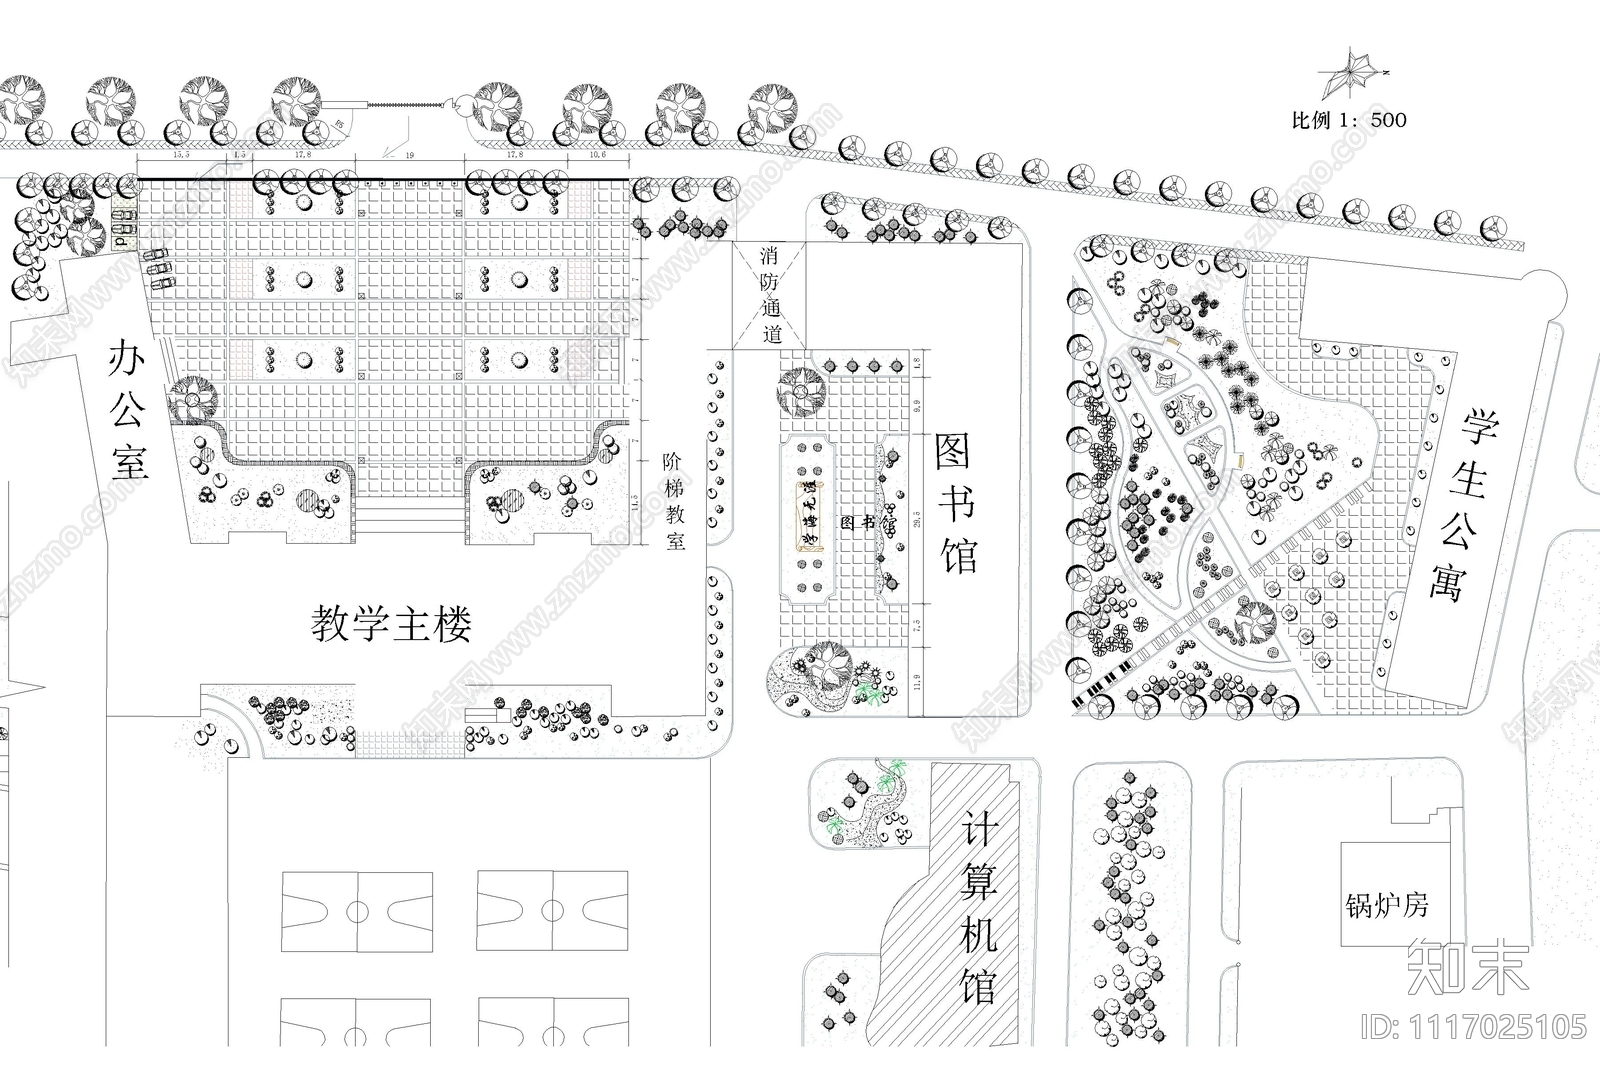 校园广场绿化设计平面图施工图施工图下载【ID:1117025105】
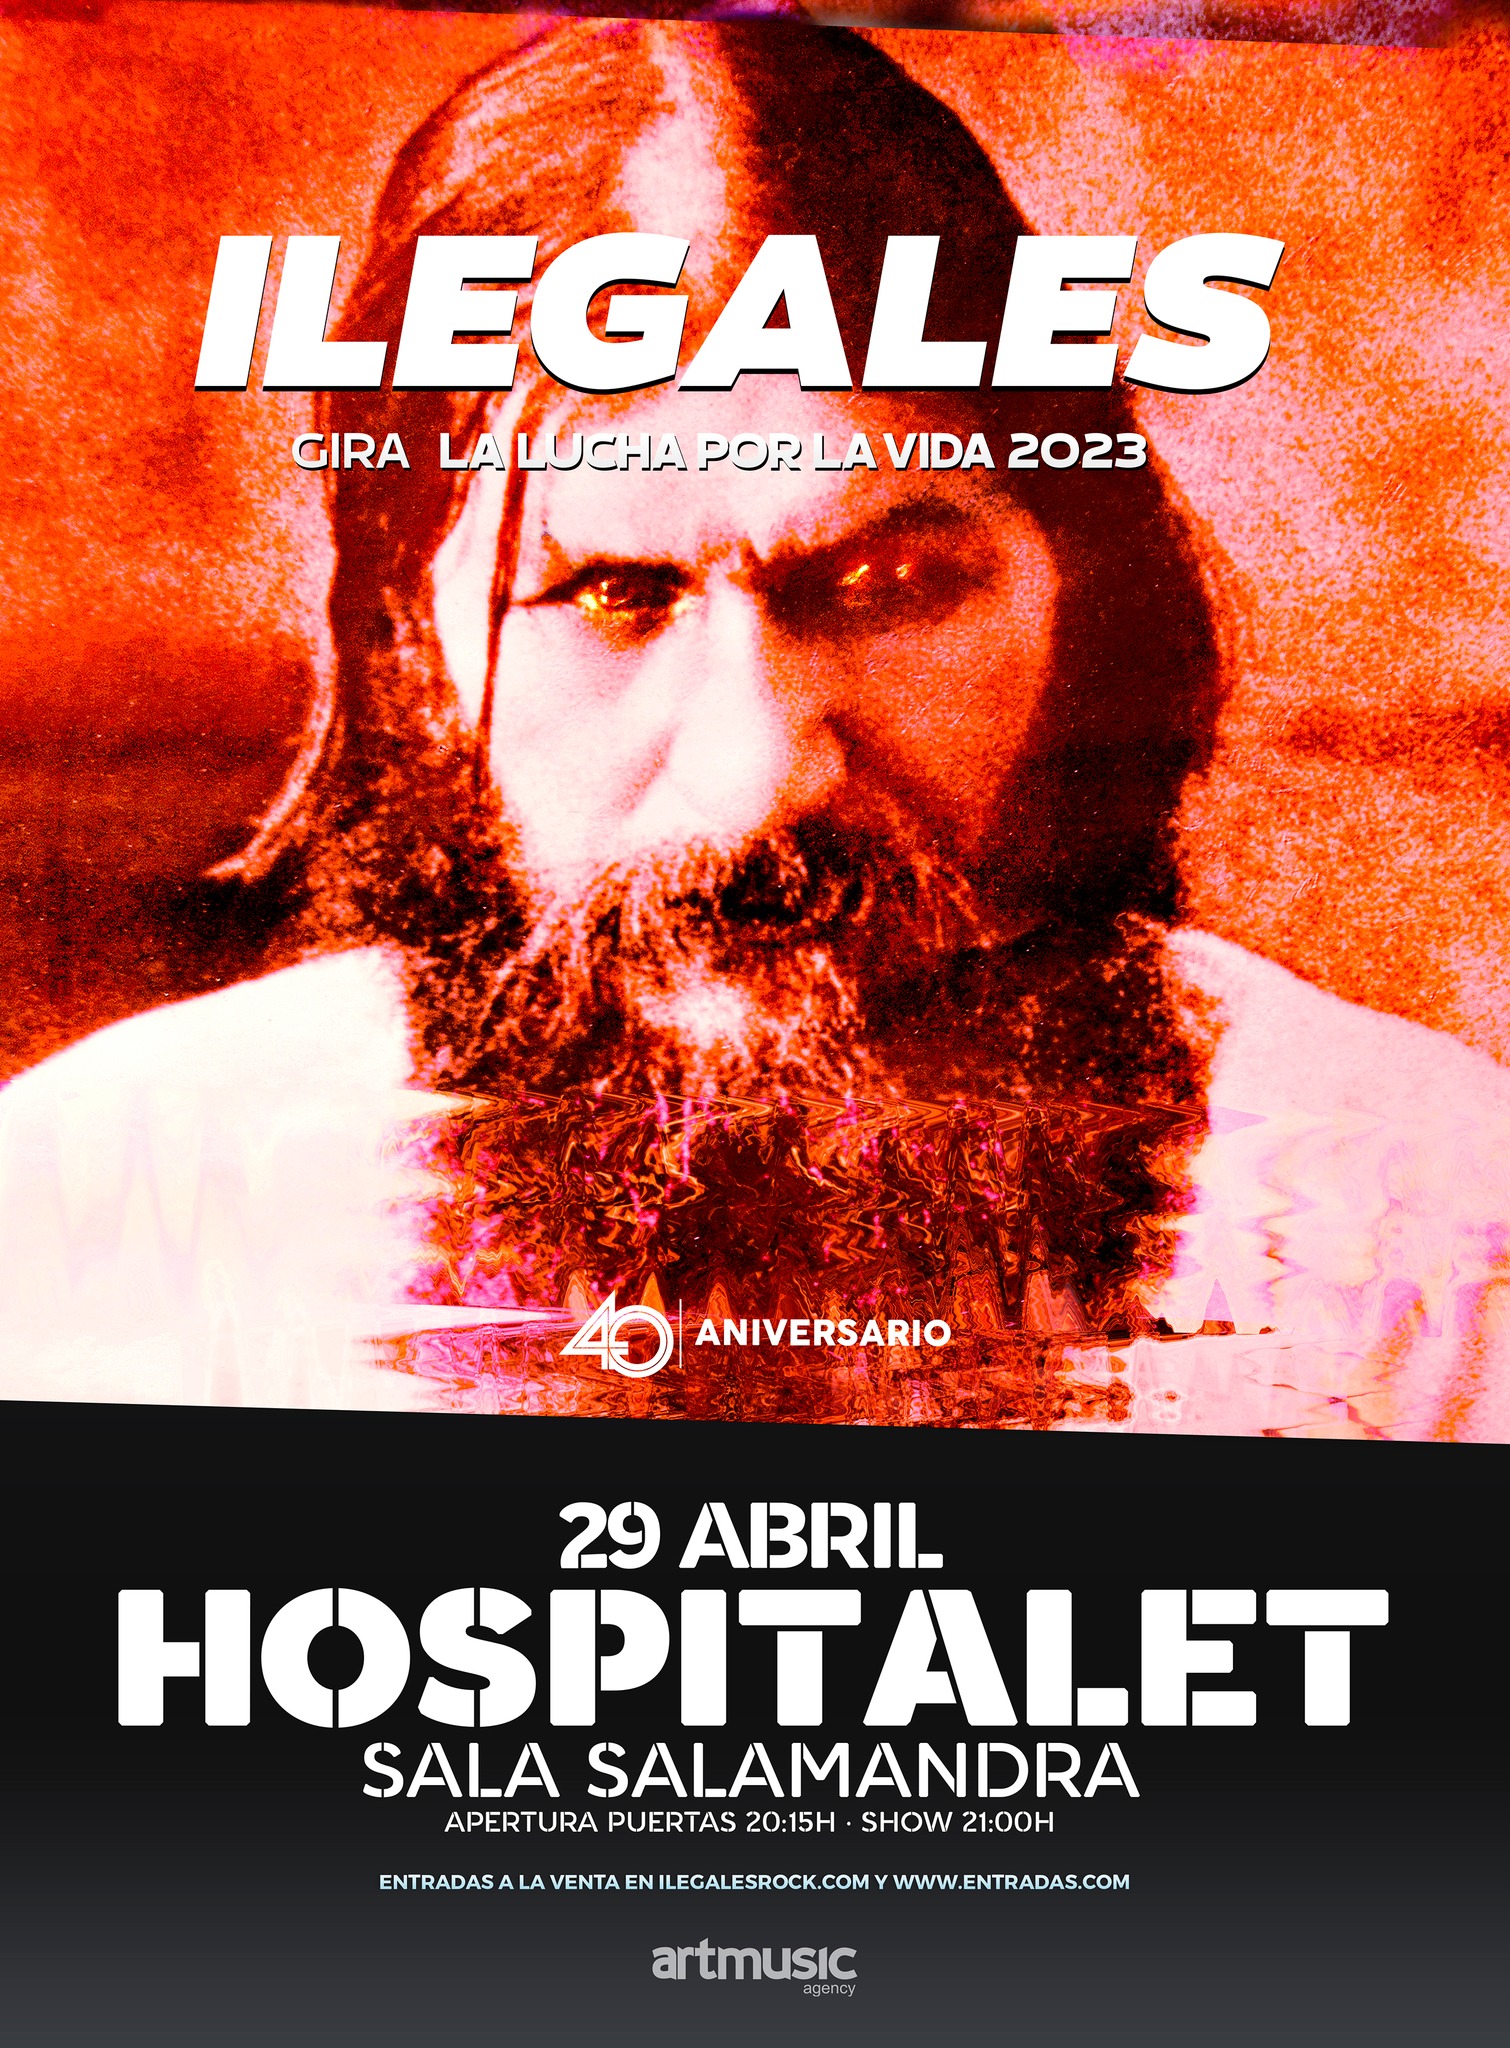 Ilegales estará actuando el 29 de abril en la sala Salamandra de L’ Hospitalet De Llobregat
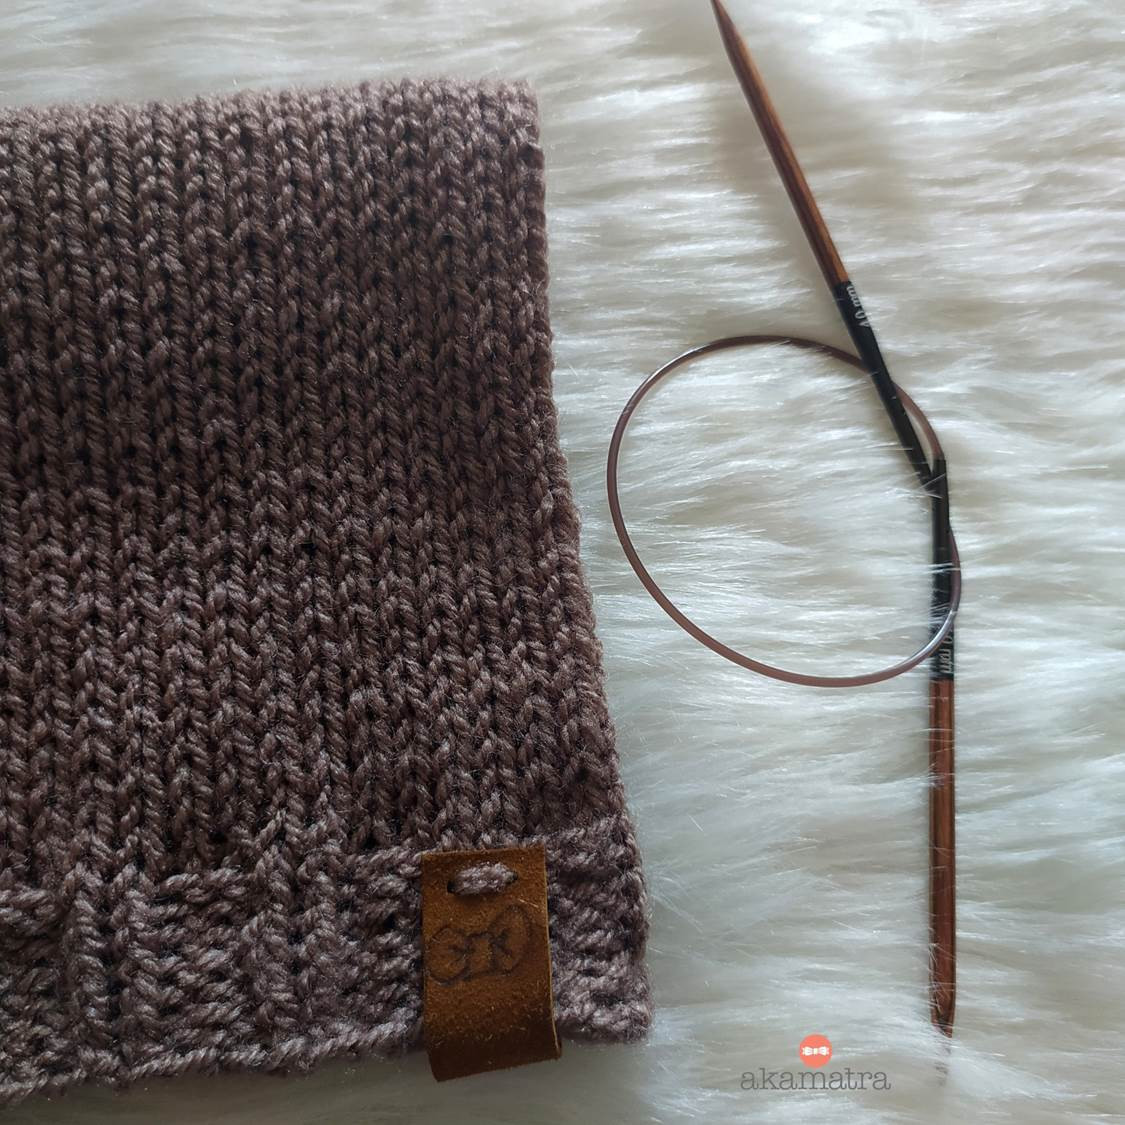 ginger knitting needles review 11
■ ■ ■ ■ ■ ■ ■
REQUIREMENT — The lines above should be transcribed exactly, with every image removed.

RESPONSE BOX —
 校园广场绿化设计平面图施工图施工图下载【ID:1117025105】
 Ilegales estará actuando el 29 de abril en la sala Salamandra de L’ Hospitalet De Llobregat
 ginger knitting needles review 11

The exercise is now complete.